Leetcode #736: Parse Lisp Expression
In this guide, we solve Leetcode #736 Parse Lisp Expression in Python and focus on the core idea that makes the solution efficient.
You will see the intuition, the step-by-step method, and a clean Python implementation you can use in interviews.
Problem Statement
You are given a string expression representing a Lisp-like expression to return the integer value of.

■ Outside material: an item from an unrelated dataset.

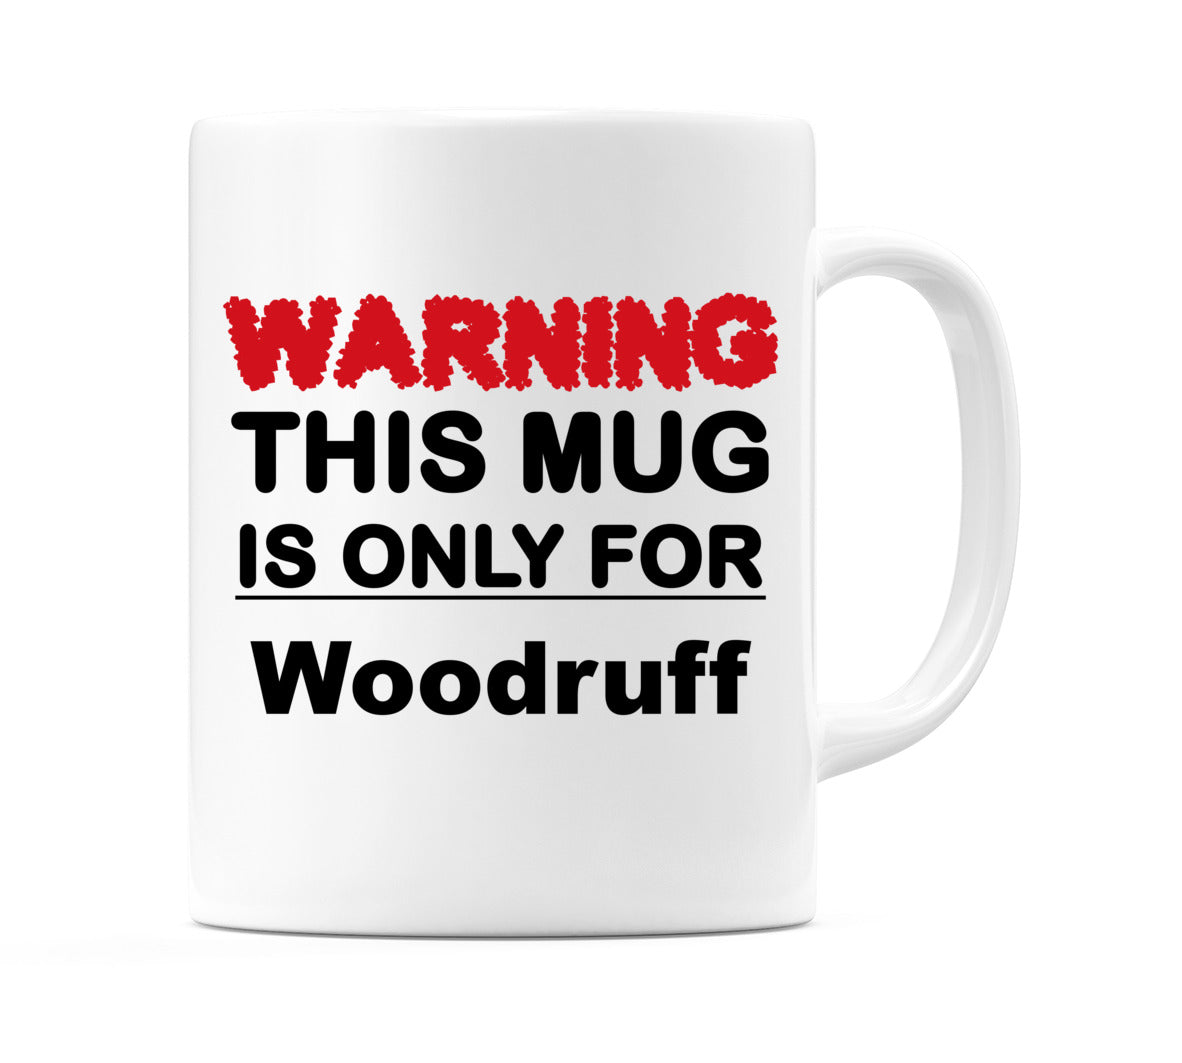 Warning This Mug is ONLY for Woodruff Mug

The syntax for these expressions is given as follows.
Quick Facts
- Difficulty: Hard
- Premium: No
- Tags: Stack, Recursion, Hash Table, String
Intuition
Fast membership checks and value lookups are the heart of this problem, which makes a hash map the natural choice.

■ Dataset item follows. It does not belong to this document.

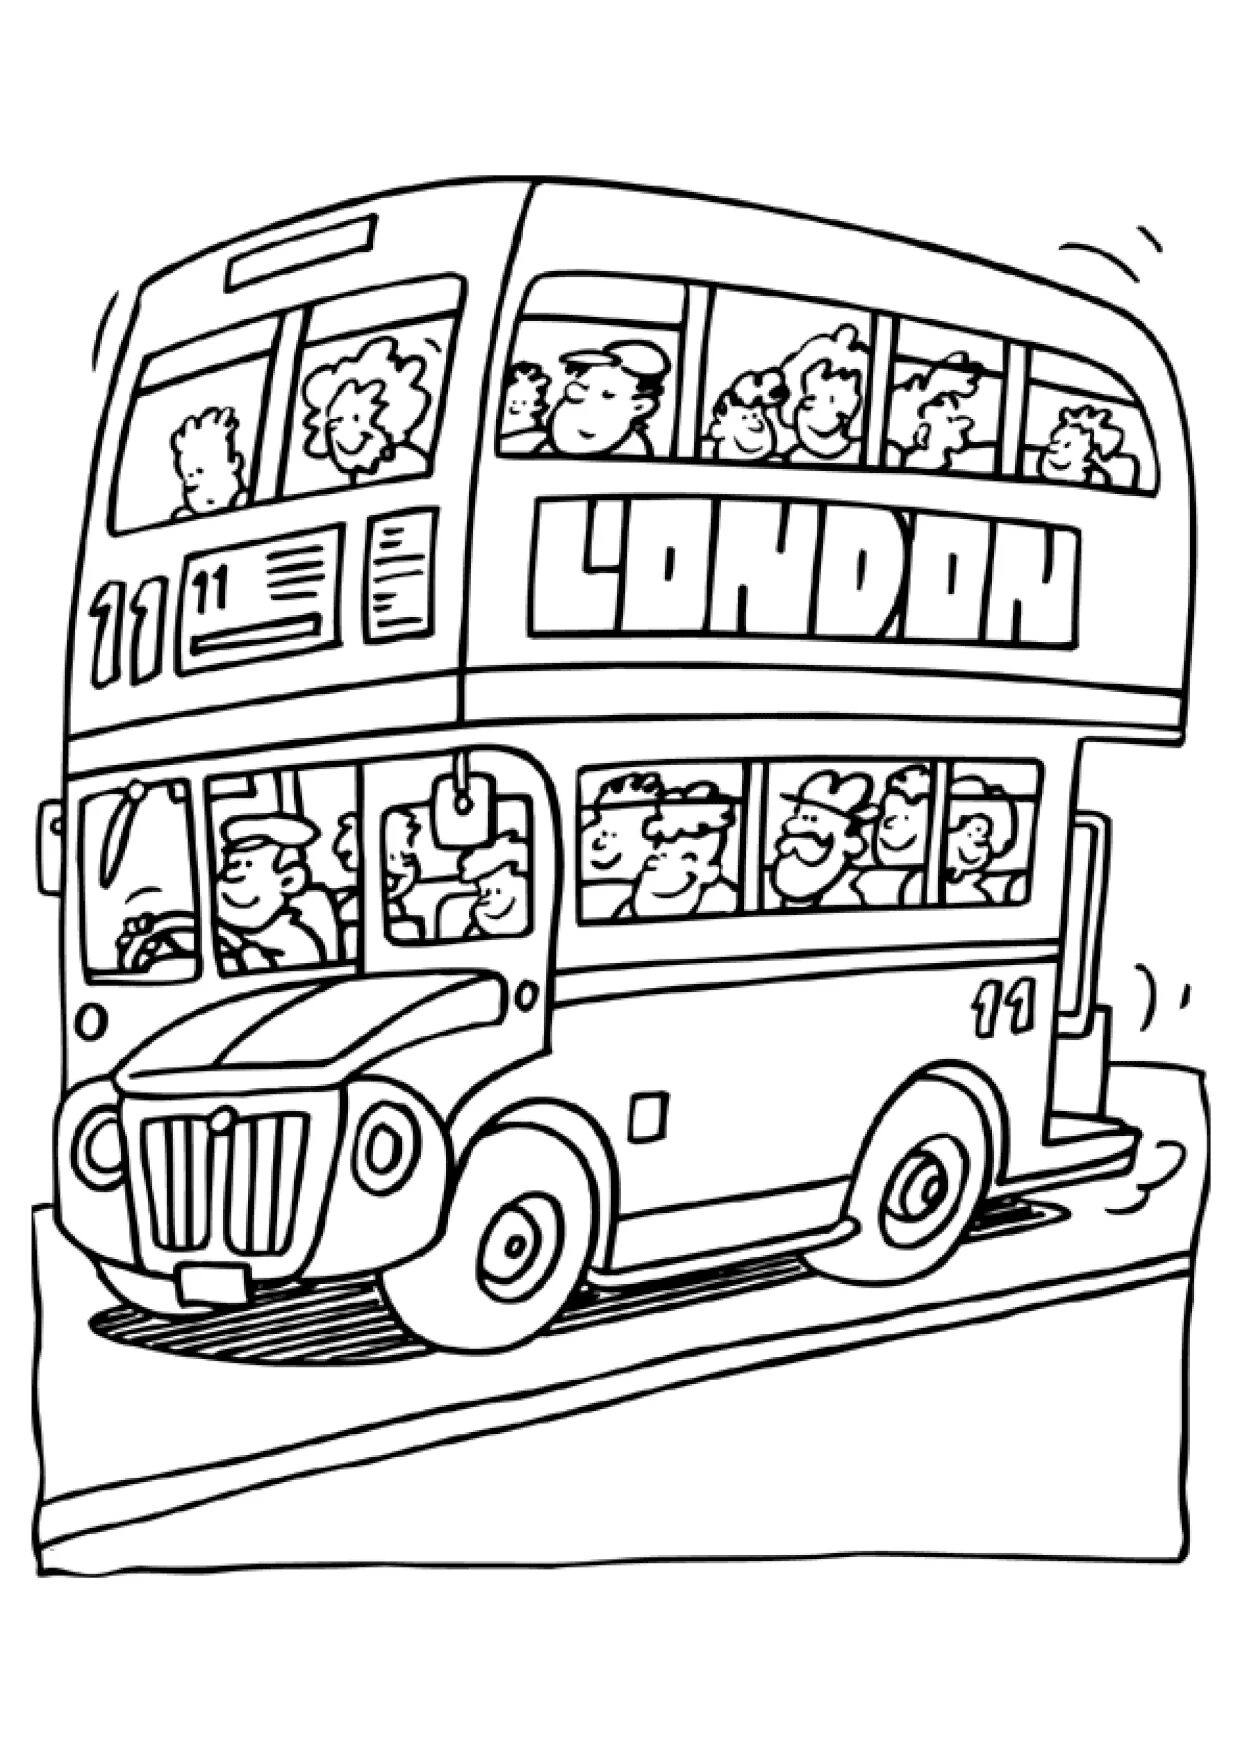 English bus #1

By storing what we have already seen (or counts/indexes), we can answer the question in one pass without backtracking.
Approach
Scan the input once, using the map to detect when the condition is satisfied and to update state as you go.
This keeps the solution linear while remaining easy to explain in an interview setting.
Steps:
- Initialize a hash map for seen items or counts.
- Iterate through the input, querying/updating the map.
- Return the first valid result or the final computed value.
Example
Input: expression = "(let x 2 (mult x (let x 3 y 4 (add x y))))"
Output: 14
Explanation: In the expression (add x y), when checking for the value of the variable x,
we check from the innermost scope to the outermost in the context of the variable we are trying to evaluate.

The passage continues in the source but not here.